The sellsword didn’t respond—not at first, anyways. Slowly he dropped his eyes from the black-violet-pink glazed sky, then closed them entirely. The smirk was gone from his features, his own confession stifled in his locked up music box chest. Lin forced himself to laugh, a soft breathy thing that he didn’t really feel. “…heh, that’s kinda cruel, isn’t it? You shouldn’t say that if you can’t be with me, Xun.”
“It’s how I feel. If you don’t like it, then you’re welcome to forget I said it.” Yuhui traced Lin’ai’s profile carefully. “Why is it that I have to go? Why are you unable to stay? Why is it me not being able to be with you?”
“Who sneaks out to see me? Who evaporates at daybreak? You don’t even let me walk you home.” Lin’ai finally looked over, tired of keeping up the game face. He was softer now, with the trappings of heartbreak in his eyes. “You’re either in love with a secret or ashamed of what you’re doing—and I’m not condemning you for it, Xun. I get it. I really do. And if that’s how it is, you know, it’s alright. I just…” Lin groaned and laid back abruptly, palms pressing into his eyes. “Ugh, I can’t. I can’t be in love with someone who’s only halfway here. It doesn’t go away during the day. Why do you have to?”
Xun started to redress himself, sitting up to ease the exertion of sliding back into his clothes. “Is that what it’ll take—seeing me during the day? Or are you giving up on me? I know I’ve not been fair to you, but if I mean something to you then let me make it right. I want to show you my life. I just need a minute to make that happen, okay?”
After a pause, the older boy dropped his arms but continued to stare up at the sky. His expression was more resigned now but a ghost of his crooked smile traced the lines of his lips like it was working up the courage to repossess him during this delicate moment. “What’s your surname, then? Who am I in love with?”
“Tian,” the boy responded, standing and pulling on his pants.
Frustrated again, Lin’ai stood and began to dress as well. “Gods, Xun, If you don’t want to tell me, just fucking say so. Don’t play with me,” Lin snapped as he pulled on his clothes. “There’s no one in the royal family named Xun. Why can’t you just be honest with me? Why is it so fucking hard?”

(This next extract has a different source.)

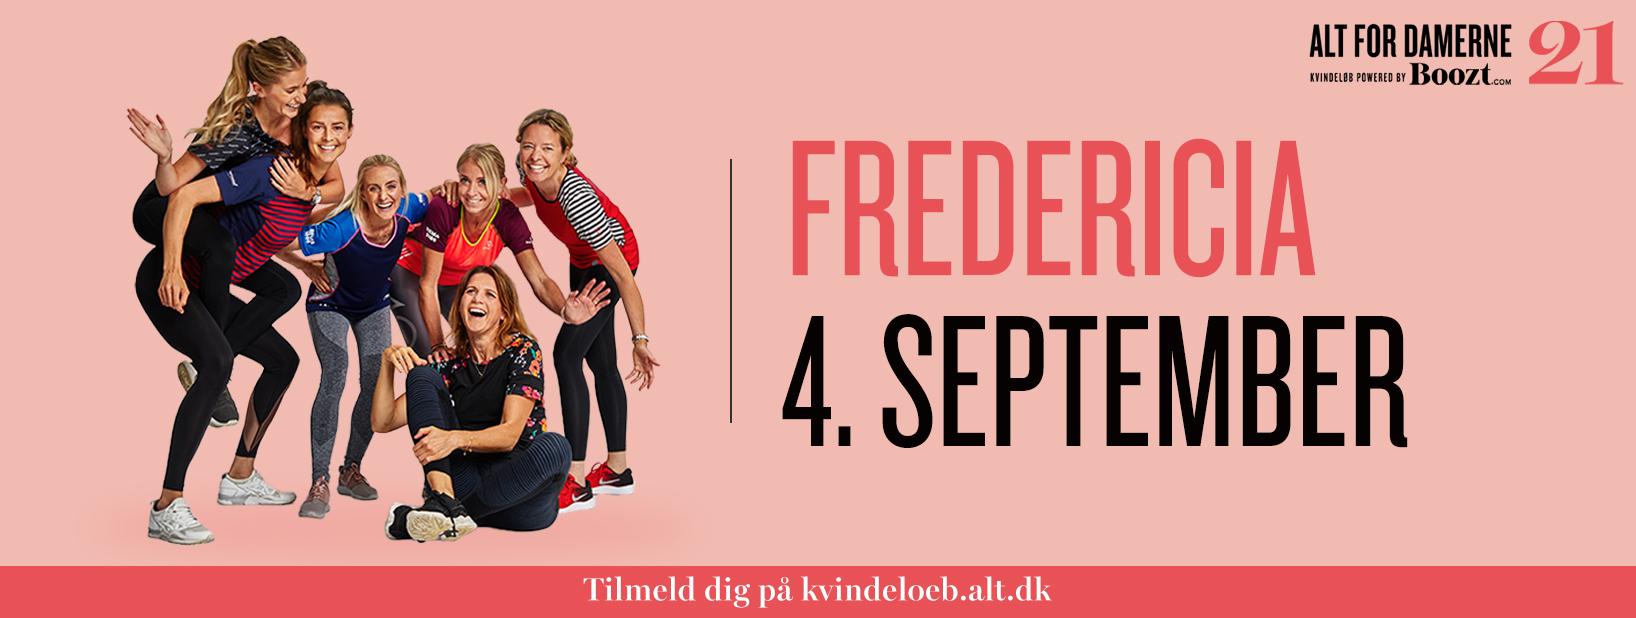 ALT for damernes Kvindeløb – Fredericia – 4. september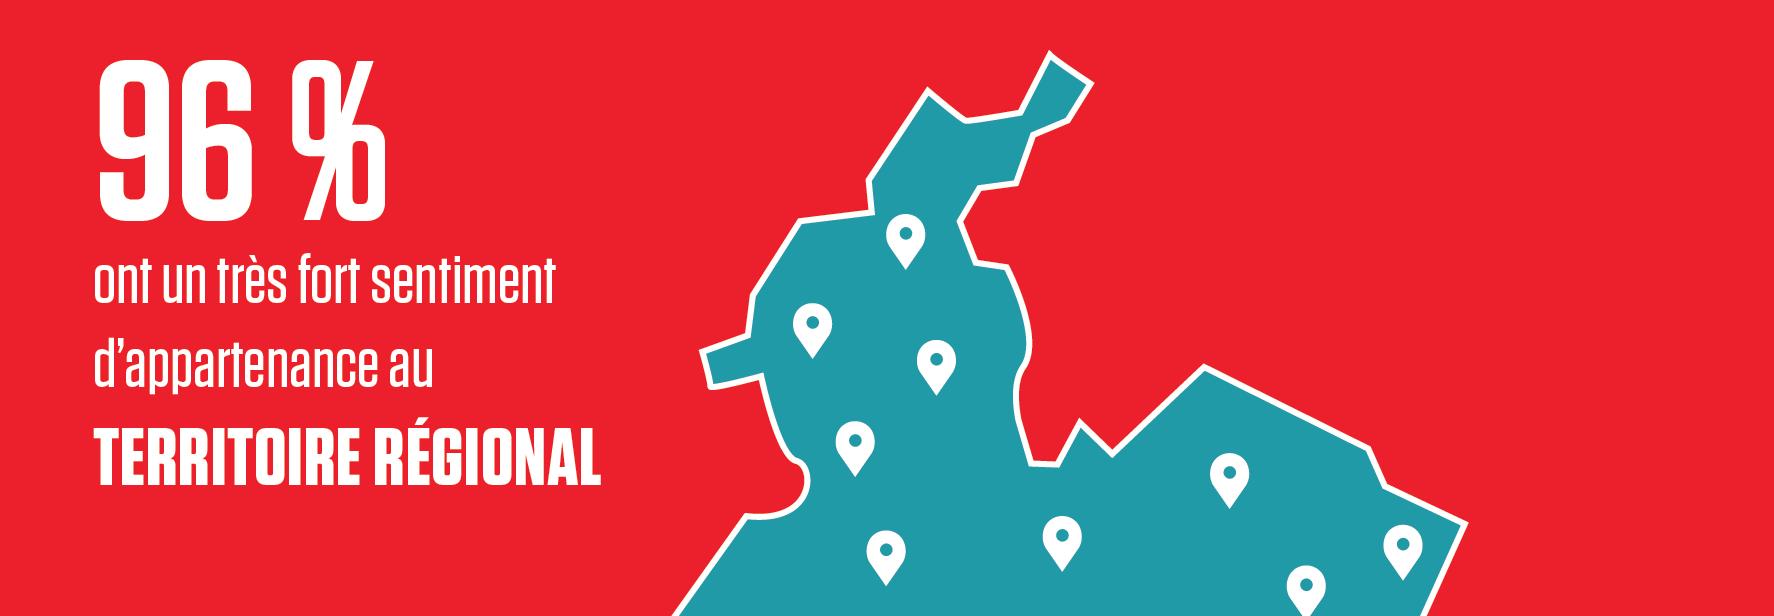 96% de la population fière de vivre au sein de Victoriaville et sa région!

“My given name is Yuhui.” The prince tied his belt and began to walk back toward the city, now twinkling brighter than the stars fading in daybreak.
“And I’m Zao Lie, back from exile in the desert,” Lin sniped at Xun’s back but he didn’t follow. He simply laid himself back out on the dirt, cursing himself for not being better, not being worth an honest answer from this boy he’d lost his heart to.